Patties can't do the bees much good sitting in a box in the shed. A beekeeper will never know how much the hives can eat unless more than enough is supplied, and running out can be hard on a colony which has committed itself to brood rearing. Nonetheless, I know far more beekeepers who wait for the first patty to disappear before feeding another than beekeepers who load the hive with patties and keep patties supplied continuously.

There is no fear of wasting patties IMO, since the bees will eat them as they need them, even well into the summer. A colony's pollen needs amount to well over 100 pounds a year, so a few patties are really a drop in the bucket. In my experience, a decent hive will eat several patties a week any time that the beekeeper cares to provide them during brood rearing. My experience is with Global Patties, which the bees will eat any time of year, and I have heard of lesser consumption rates and even refusal or rejection with other types. (Check your hive floors for signs of patties being thrown out).

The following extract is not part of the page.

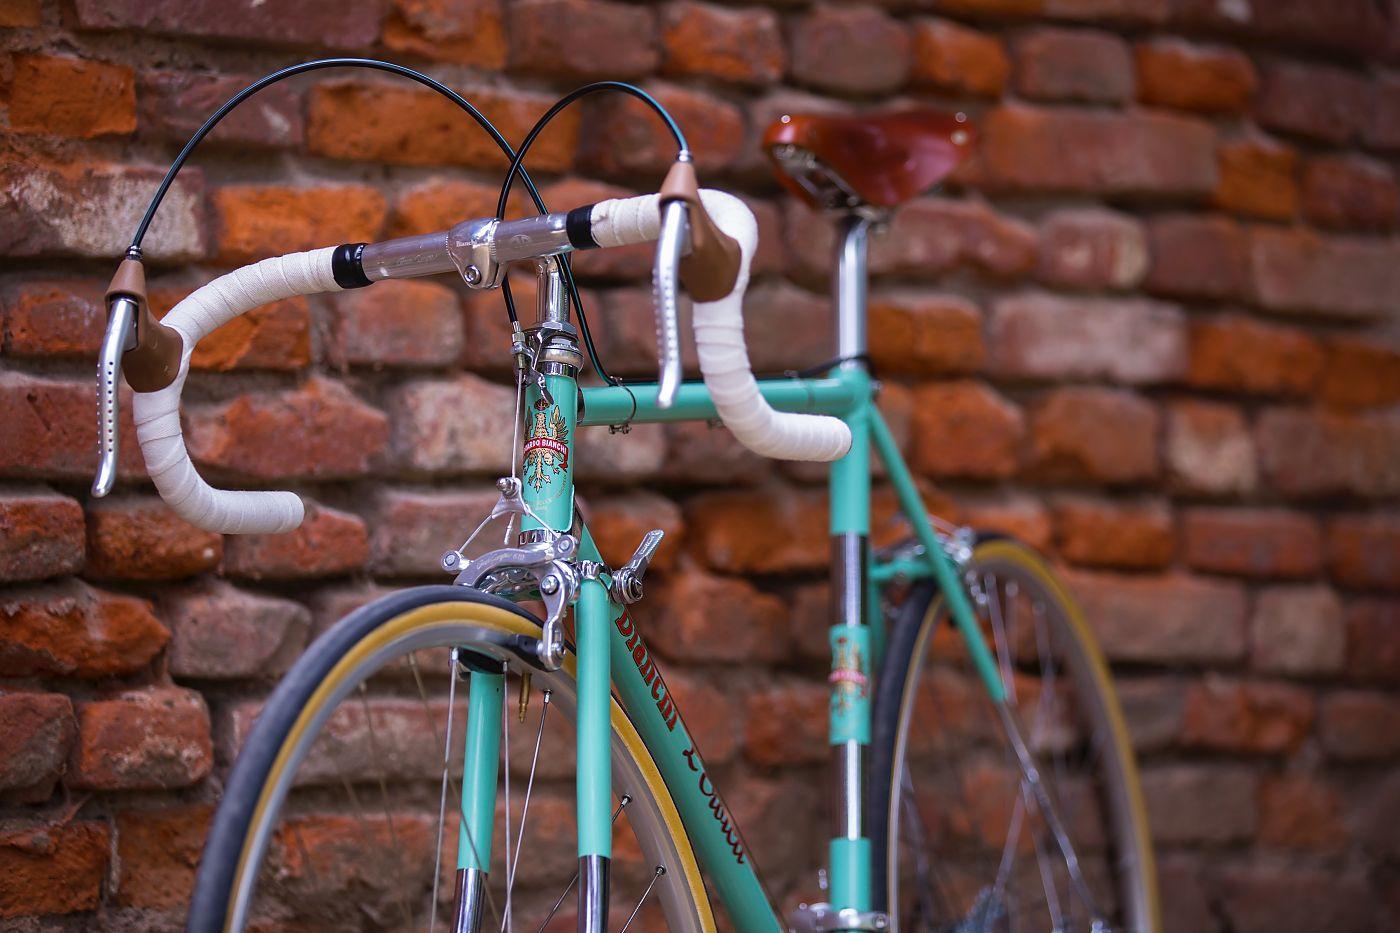 Bianchi L'Eroica: a Vintage Inspired Road Bike

There are always some hives which eat all their feed early, and often they are usually among the most prolific hives, the ones which will give the most splits if they don't starve partially or completely. Once a hive commits to serious brood rearing, the feed requirements go'way up. Whereas a hive might only lose a pound or two a week in winter, a hive will use far more once activity increases and brood must be fed.

A frame of brood is going to use up roughly a frame of honey, so a beekeeper expecting to have five or six frames of brood by early May had better make sure there are at least that many frames of honey right now or it is not going to happen.

The best time to feed is in the fall, and that is why one reason I prefer to use three standards or more for wintering. The other reason is to get the cluster up off the ground.

If the hives have lots of feed, the spring feeding is less critical, but still advisable to ensure that no hive runs out of feed. As the old beekeeper explained, feed in the hive is not the same as feed in the bee. Providing fresh feed near the cluster ensures that the bees are no starved during a cold snap or starving while they try to mine out the sugar in hard granulated honey.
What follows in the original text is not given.